9511 Background: Lynch syndrome is caused by mutations in mismatch repair (MMR) genes which confer extraordinarily high risk of colorectal cancer, endometrial, ovarian as well as lesser occurring cancer types. Carriers of these MMR mutations require genetic counseling, clinical surveillance, and targeted management. Methods: An MLH1 mutation among the Navajo consisted of a four basepair deletion beginning at the first nucleotide of codon 727. In Caucasians a deletion encompassing exons 1 - 6 of MSH2 occurred. To facilitate the diagnosis of these mutations, specific PCR-based tests were developed and used for large-scale screening of individuals at risk. An extensive genealogical and historical study was performed in search for a common origin of each mutation and its spread. Results: The MLH1 deletion mutation was found in members of six widely dispersed Navajo families in Arizona.

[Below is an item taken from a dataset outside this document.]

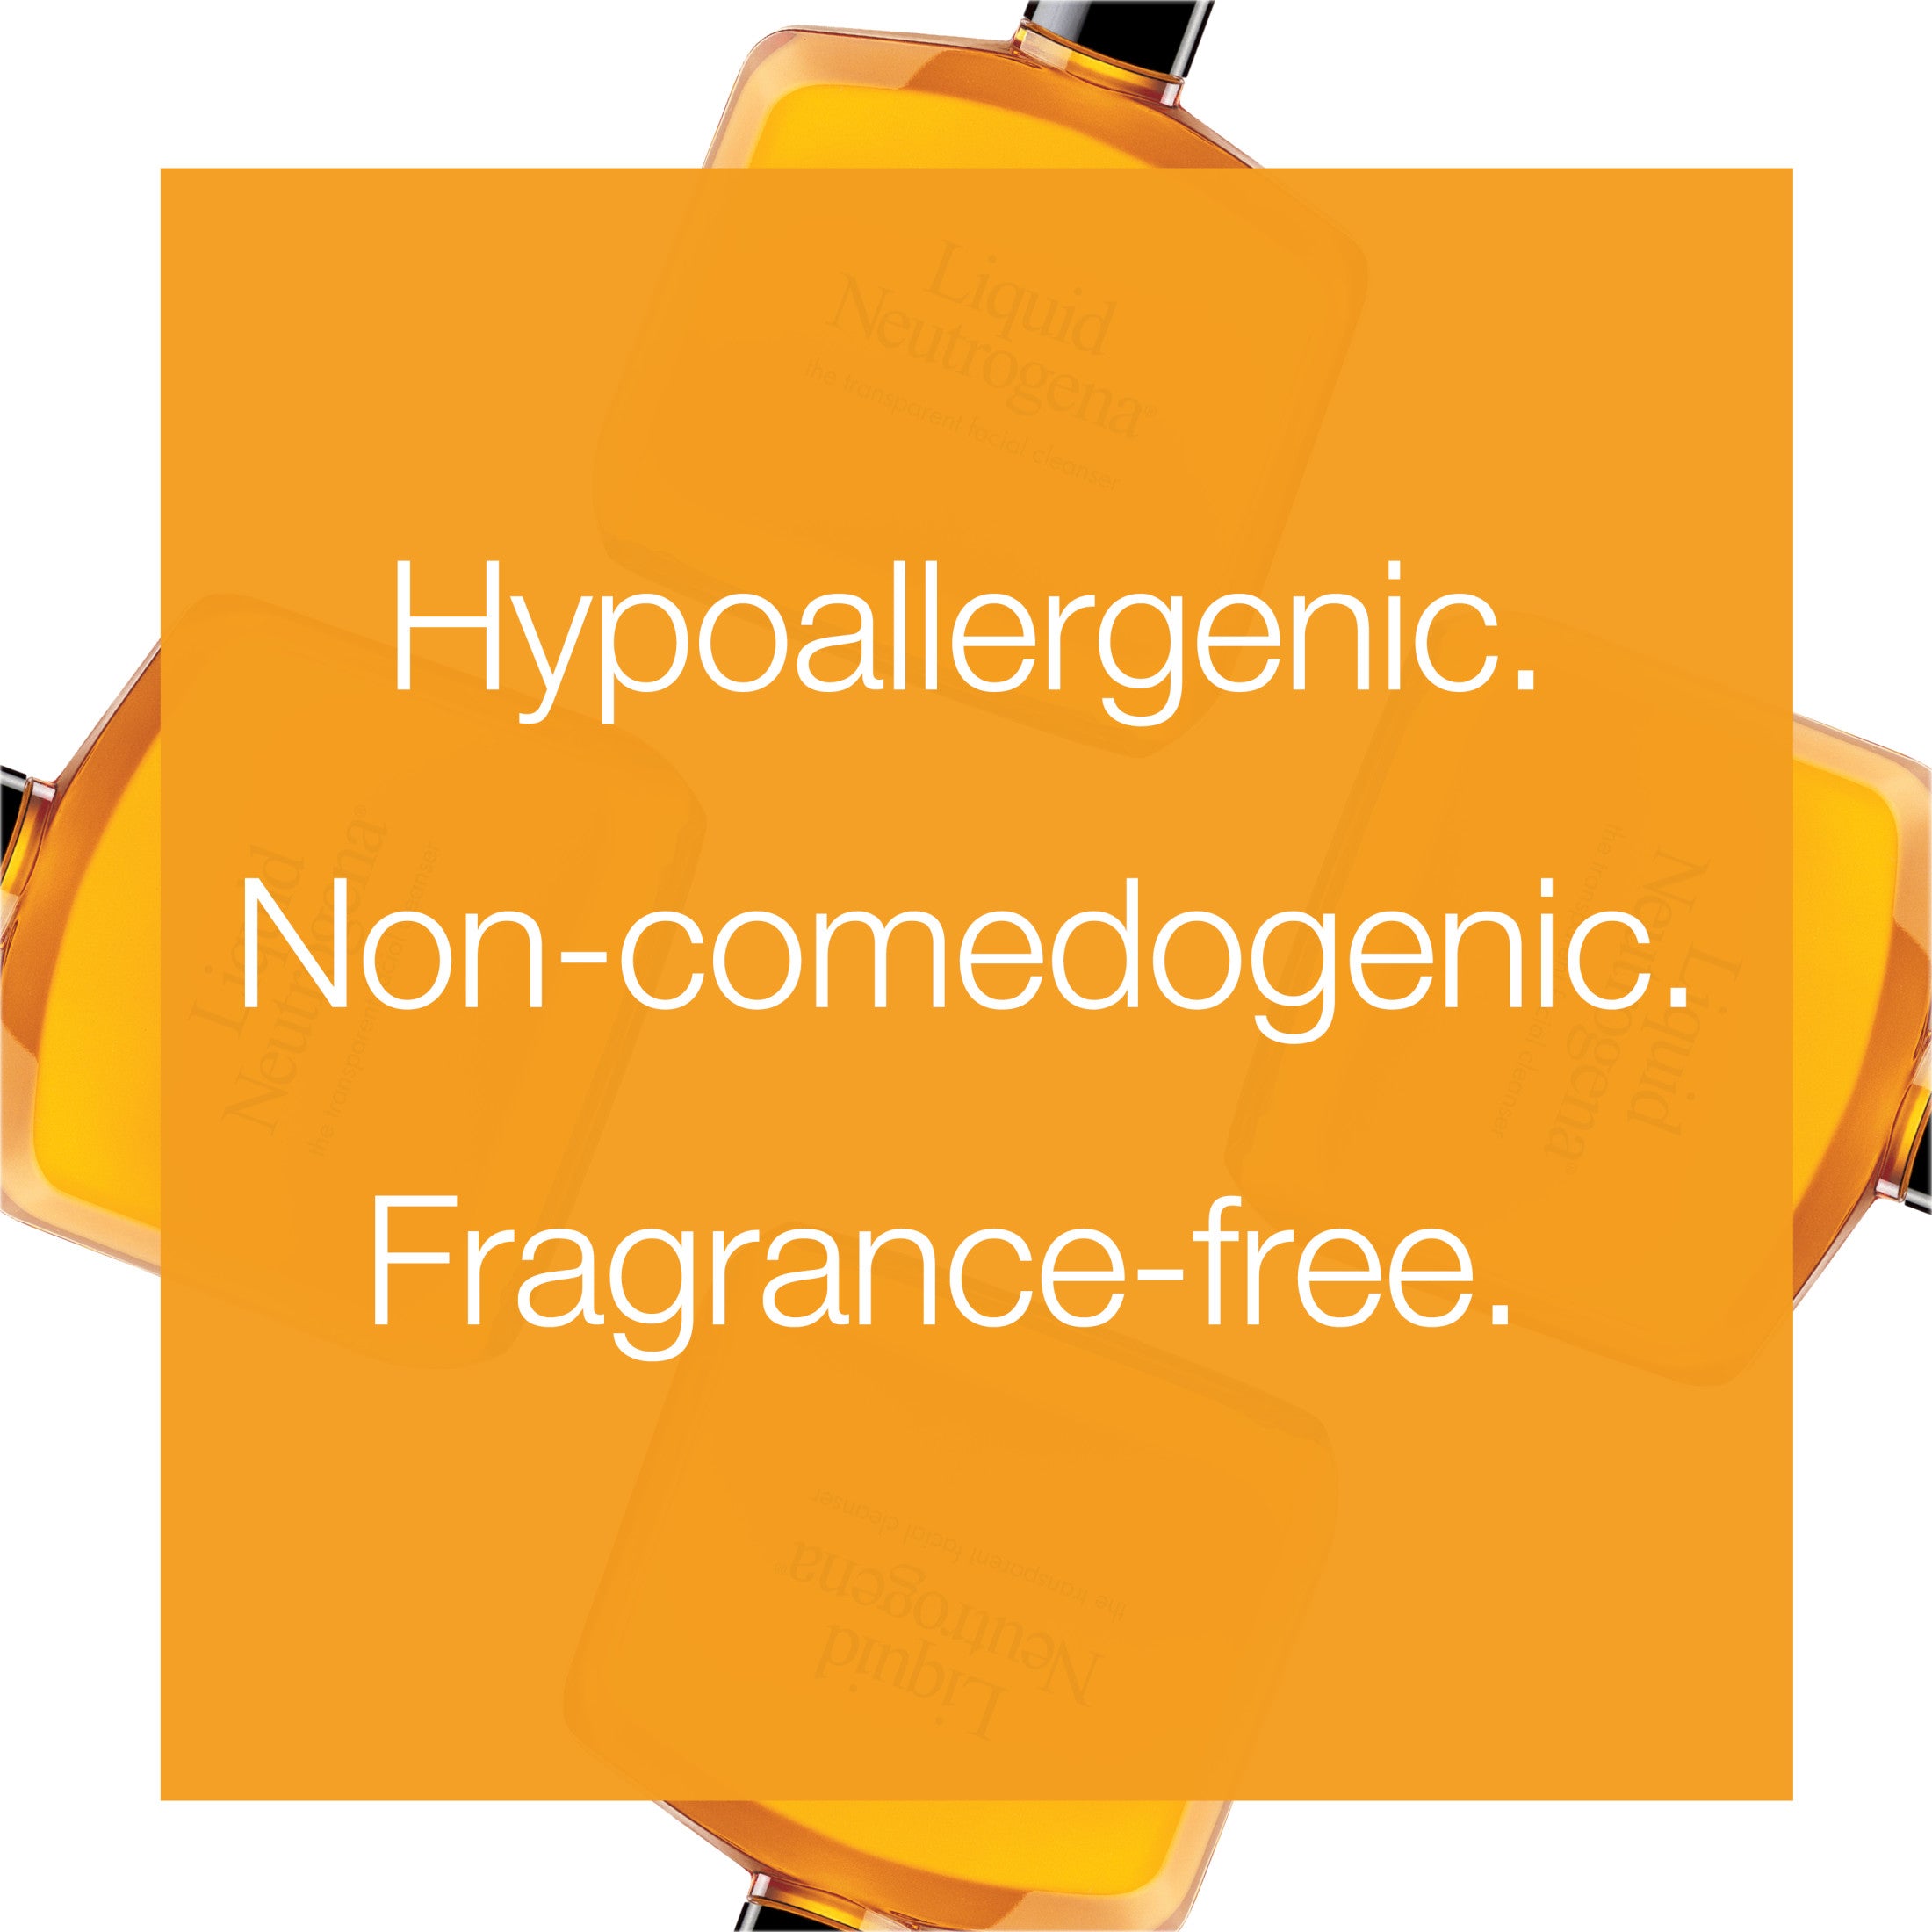 Liquid Neutrogena Fragrance-Free Mild Gentle Facial Cleanser, 8 fl. oz | MTTS268
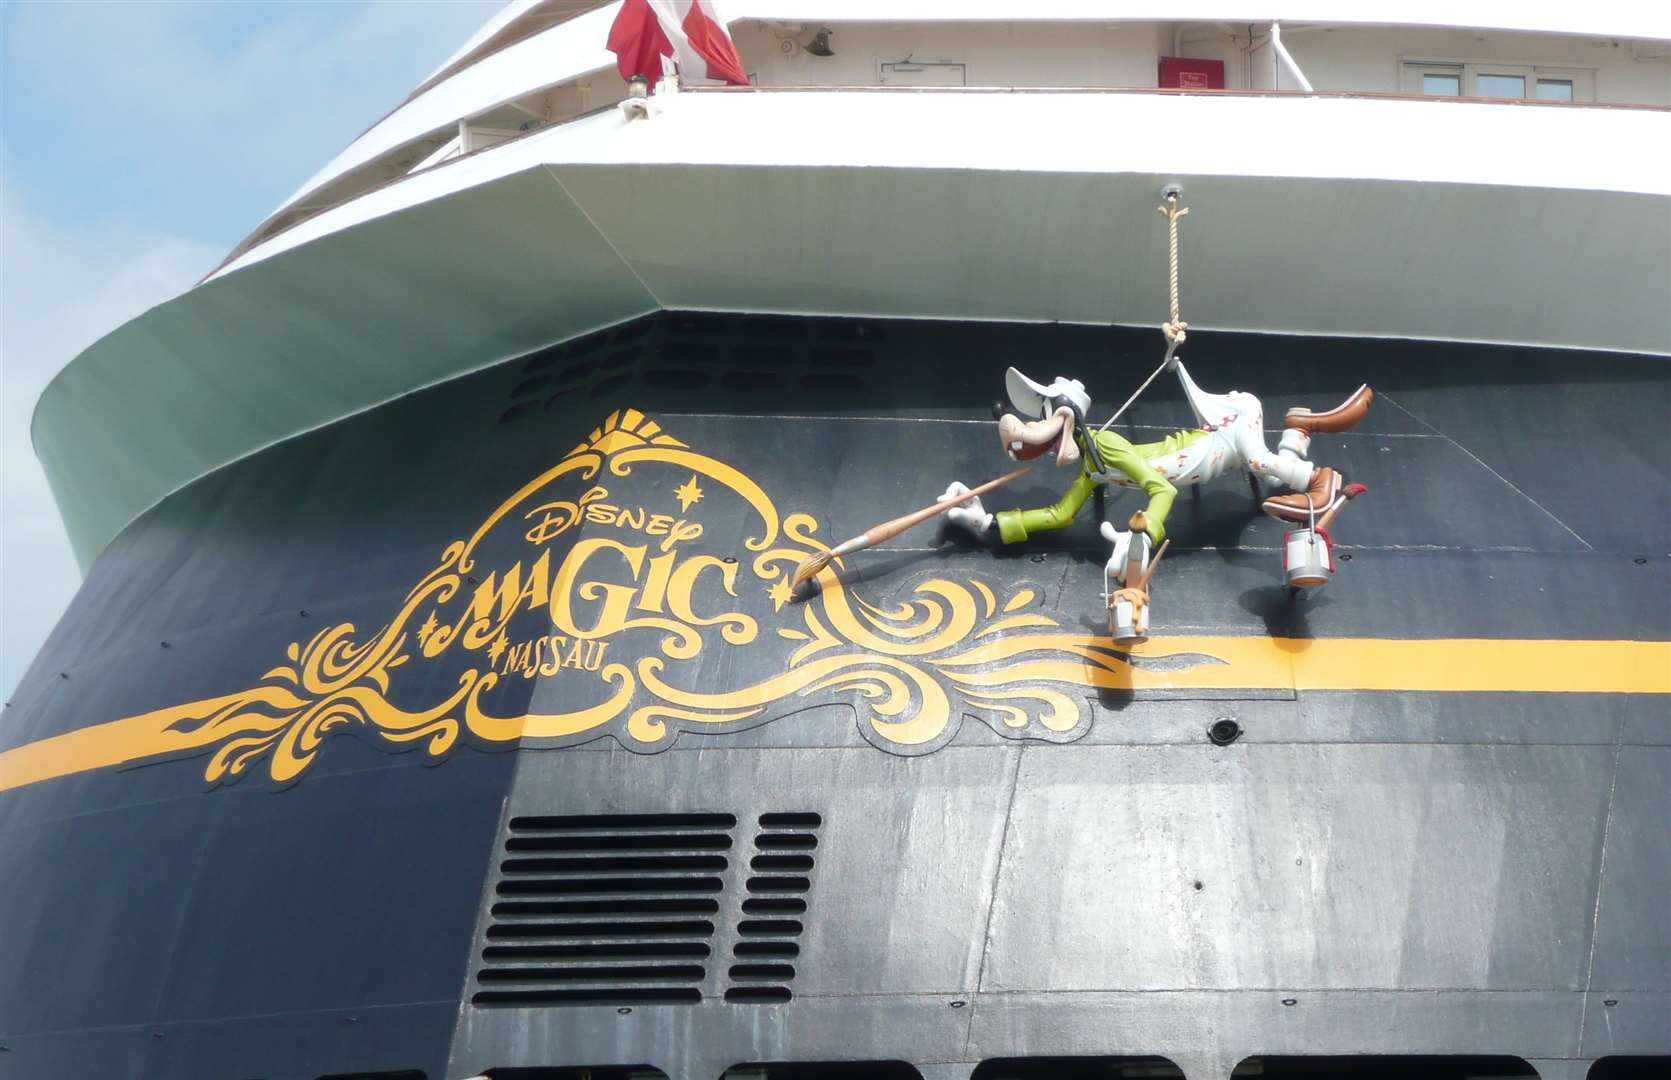 Goofy with the Disney Magic cruise ship

To date, 386 individuals from these families have been identified to be at risk of whom 142 individuals have been tested with 56 harboring the mutation. The MSH2 deletion mutation was found in members of nine Caucasian families living in various parts of the U.S. To date 566 family members of the nine probands have been identified to be at risk and counseled; 137 of these have been tested, and 61 carry the mutation. Carriers of the mutation have already been identified in 14 states. Three of these families have been genealogically shown to descend from a German immigrant family that arrived in Pennsylvania in 1727. Conclusions: The postulated high frequency and continent-wide geographic distribution of these founder mutations beg the suggestion that until more is learned about their occurrences, the routine testing of individuals at risk for Lynch syndrome in the U.S. might include an assay for these mutations in the interest of early cancer detection and improved cancer control. No significant financial relationships to disclose.